2009/11/13
KAICHO: s_naray[at]yahoo[dot]co[dot]jp
※SPAM防止のため捻ってある

スクリプタのためのノベルゲームシステムの作り方

■はじめに

本文書では、吉里吉里/KAGを題材に、スクリプタの方々を対象として、ノベルゲームの システムの作り方について述べる。

正直に言えば、書きたいのは「作り方」なんて大それたものではなくて、 以下で述べる「『システム』の目的」を達成するために、 『何をどう用意したら効率的か』を、 経験則を絡めながら備忘録的にメモしたものだと思って頂ければ幸いであるよ。 とはいえ、我輩が今まで作成してきたノベルゲームでは全て同じ構成を採用しており、 特に大きな不具合も出ていないことから、そこそこ汎用性はあると考えている。 というかそう信じたい。
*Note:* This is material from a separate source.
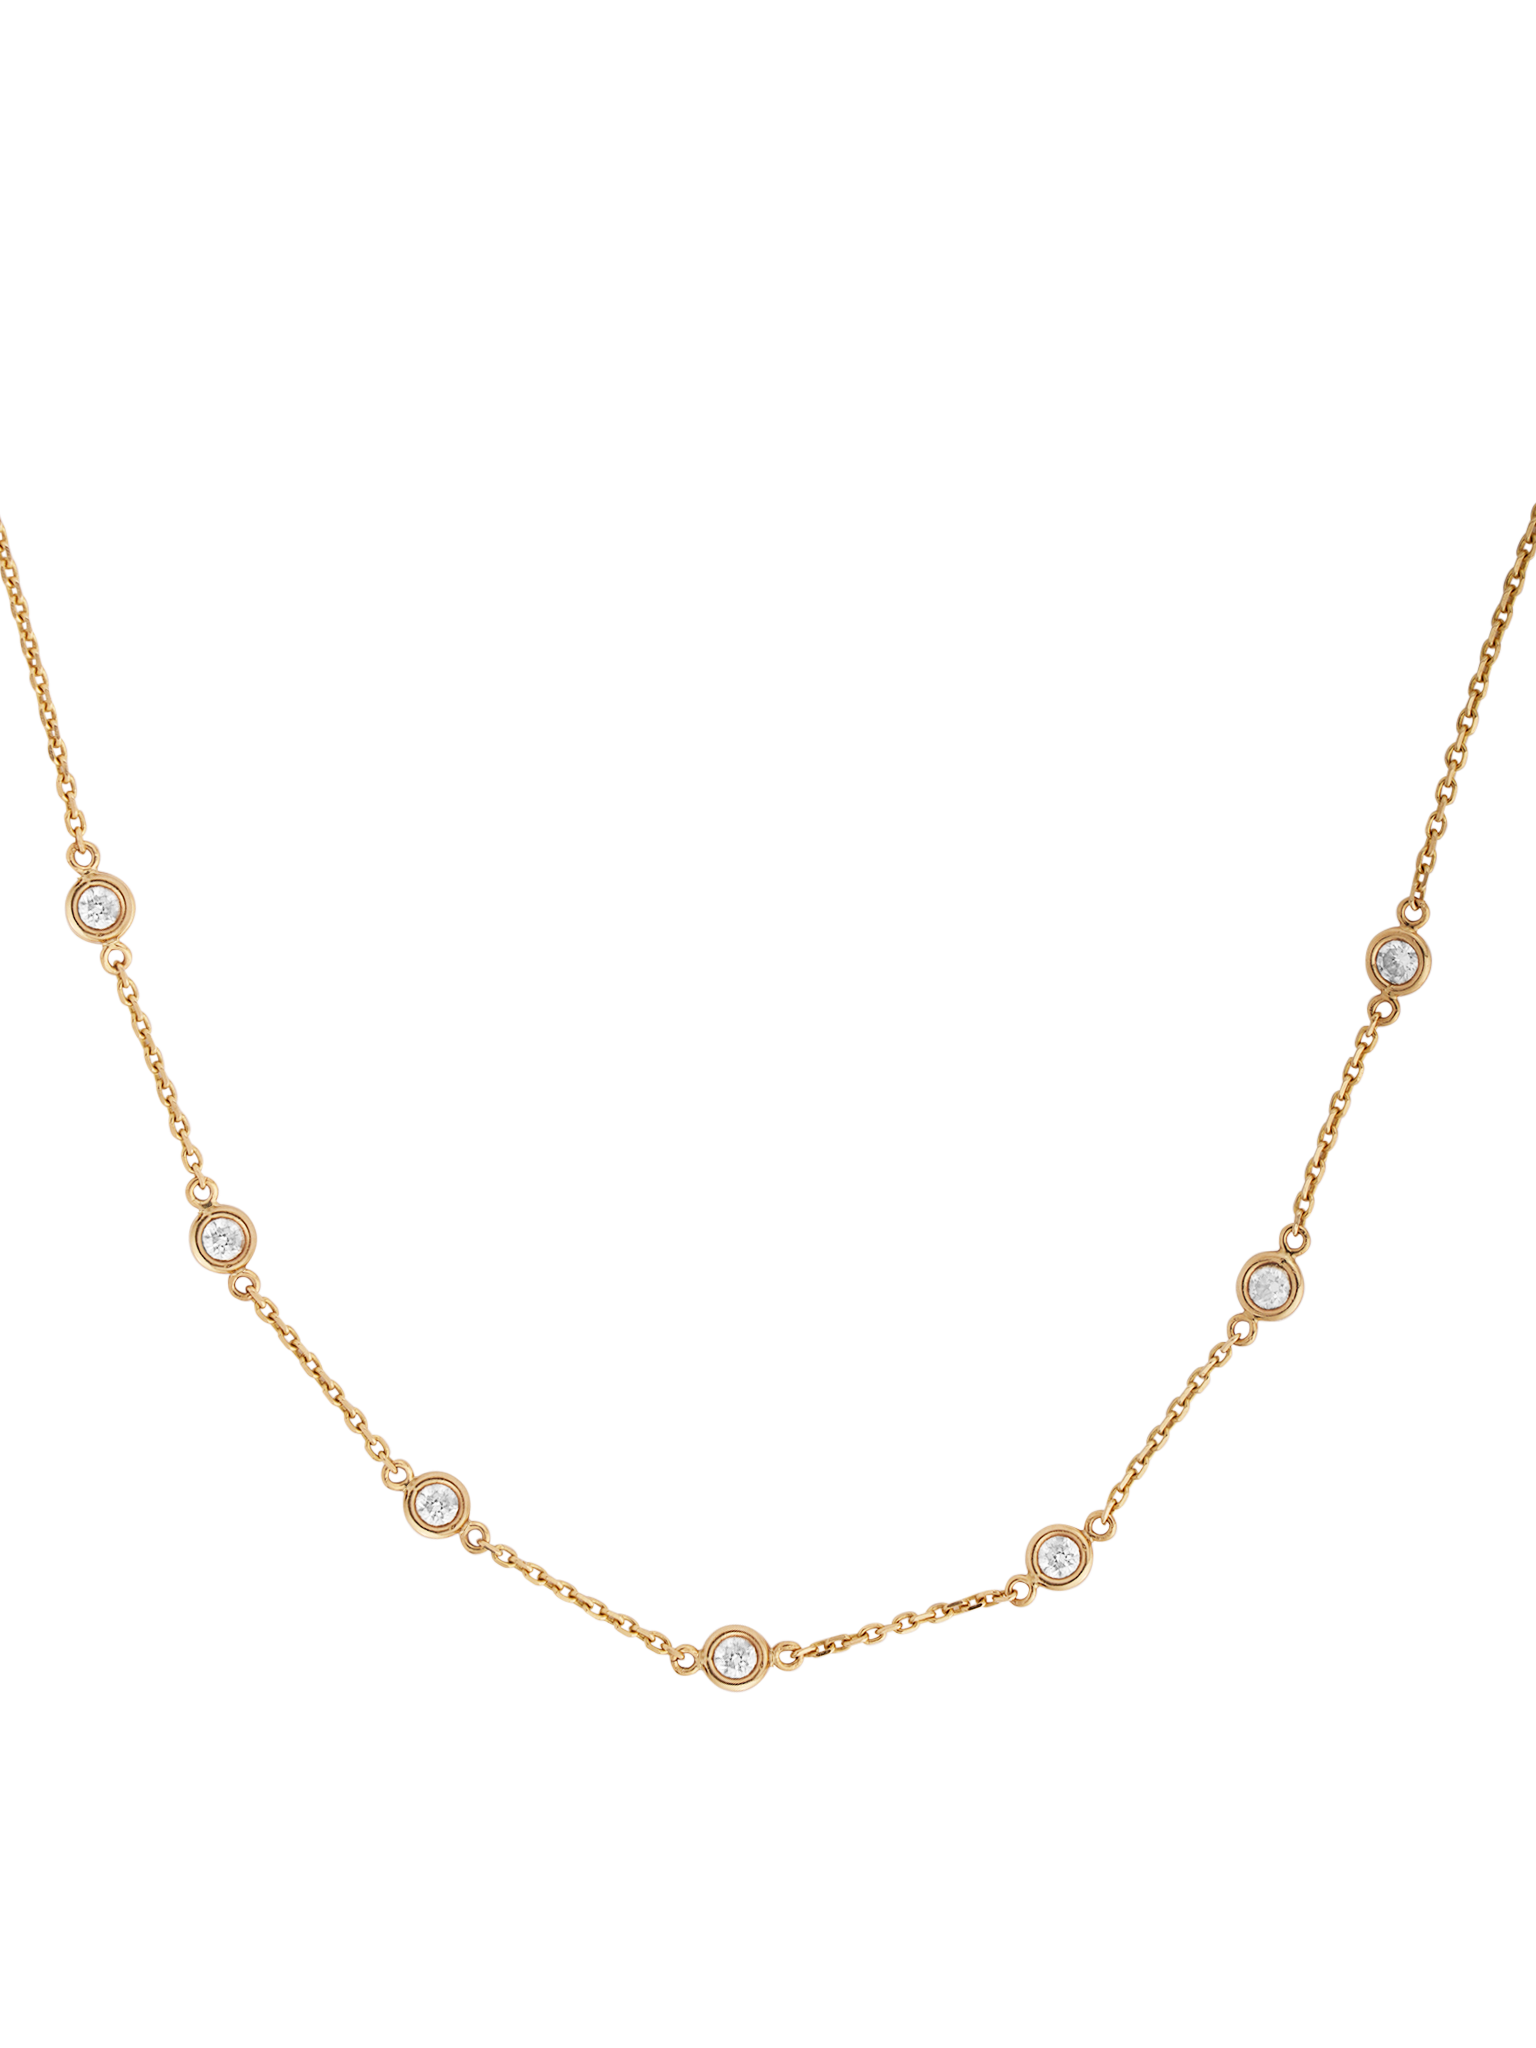 14k yellow gold Diamond cut chain with 7 bezel set diamonds, 16" length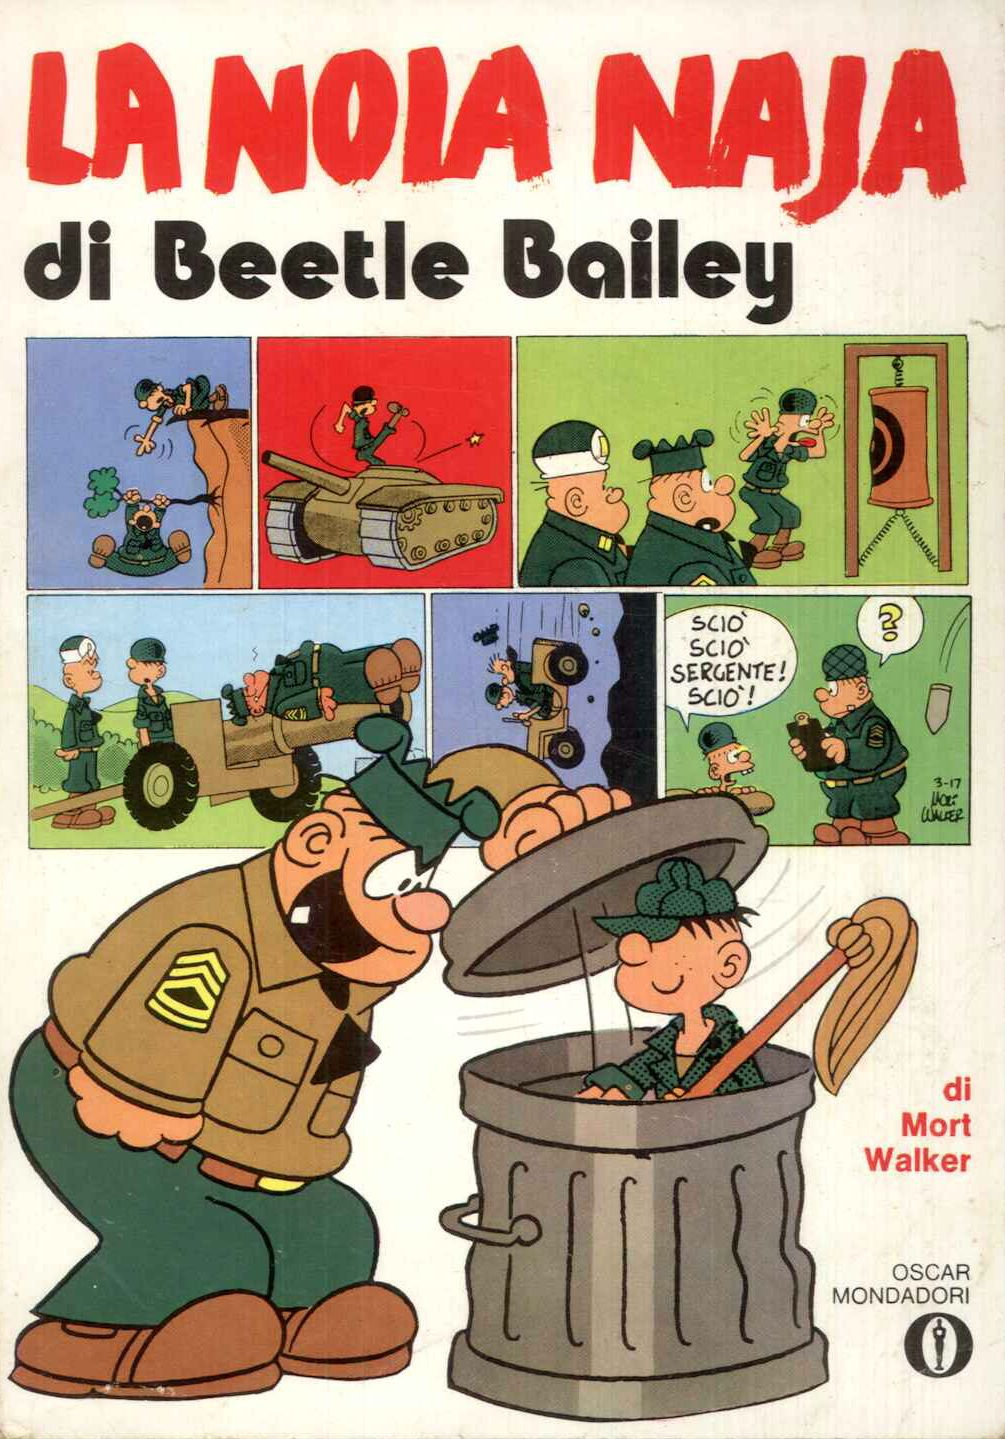 La noia naja di Beetle Bailey

現実社会で、 ダメプログラマのダメプログラムに仕込まれたダメバグに いつも悩まされているためか、 やたらと愚痴っぽい文章になっていることにはご容赦頂きたい。

■『システム』とは何か

『システム』とは、目的を効率よく達成するための手段を提供する「系」である。 従って、ノベルゲームにおける『システム』は、 ノベルゲームを効率よく製作・完成させる「系」であり、 それ以外であってはならない。 この定義はよく覚えておく必要がある。システムを設計する場合、 この定義に合致しない設計思想を導入してはならない。簡単だけど忘れがち。

■『システム』の目的

ノベルゲームはシナリオテキストだけで作られるわけではない。立ち絵、表情、背景、 メッセージウィンドウ、パラメータウィンドウ、BGM、SEなどなど、さまざまな 素材を、スクリプトでつなぎ合わせて作られている。 とはいえ、ただつなぎ合わせるだけなら、 スクリプトを書く上でノウハウなど要らないし、システムなんてものも不要だ。 スクリプト中に、単純に絵や音を順次表示・再生していくようにベタ書きすればいい。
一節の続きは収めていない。